What Color Are Polar Bears, Actually?

by duceditor

Polar bears have great endurance, swimming without rest for multiple days at a time. Their paws serve as rudders, helping them get from ice platform to ice platform. Although it’s easy to pick them out in a lineup of other bears, what color are polar bears, actually? Let’s find out!

What Are Polar Bears?

Polar bears are marine mammals unlike all the other bears living throughout the world. They live in the Arctic, they can swim long distances, their paws are very big, and they know how to productively use them! Polar bears can reach up to six miles per hour in the water and their favorite foods are bearded seals and ringed seals.

These bears are not very successful at hunting them, unfortunately, however. Polar bears spend half of their lives trying to catch food, but they do not get much (only about 2%). But to make up for missing out on their favorite meals, they also eat birds, and eggs and scavenge small mammals, carcasses, and vegetation they find.

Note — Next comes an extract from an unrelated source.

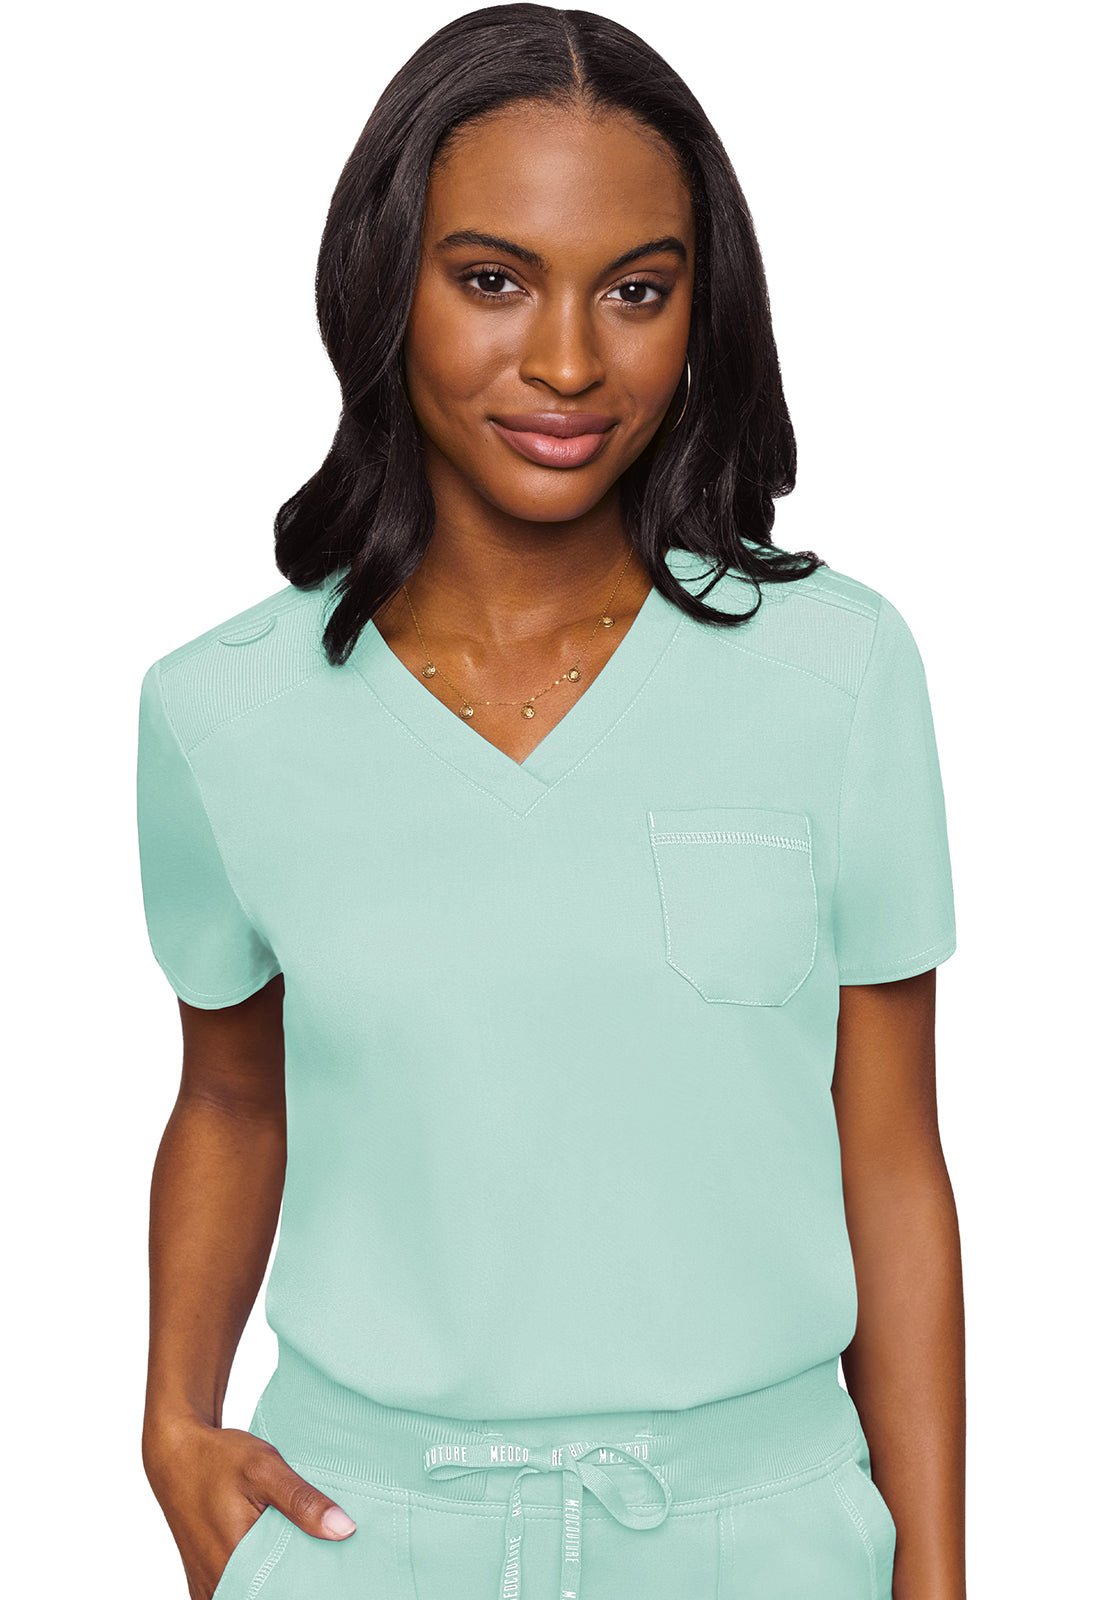 Med Couture Touch V Neck Scrub Top MC7448 in Eggplant, Pink, Lilac, Olive, Sea Mist, Slate, Teal - Scrubs Select

Polar Bear with just caught dead seal
Polar bears have a preferred source of sustenance: seals.©iStock.com/AGAMI stock

Where Do Polar Bears Live?

You can find polar bears in Arctic regions. They are native to Russia, Greenland, Norway, Canada, and the United States. They move from season to season as they follow their prey, though they are dependent on icy waters for hunting. It is said that climate change is doing a number on them.

Their need for survival is highly affected as the ice habitats are continuously changing and there is less food for them to hunt and sustain themselves. They are currently at their highest risk as well as many other species due to climate change.

What Color Are Polar Bears, Actually?

When they are just cubs, polar bears have brown fur but as they grow and mature, they develop the white fur they’re easily recognized by. Their fur is translucent, which means it only appears to be white because it’s actively reflecting any visible light. Polar bears’ skin is actually jet black!

This jet-black color works as built-in insulation and helps them retain heat and keeps them warm in the horrid temperatures of the Arctic. They were made for these temperatures. They can also camouflage extremely well when they go after their food.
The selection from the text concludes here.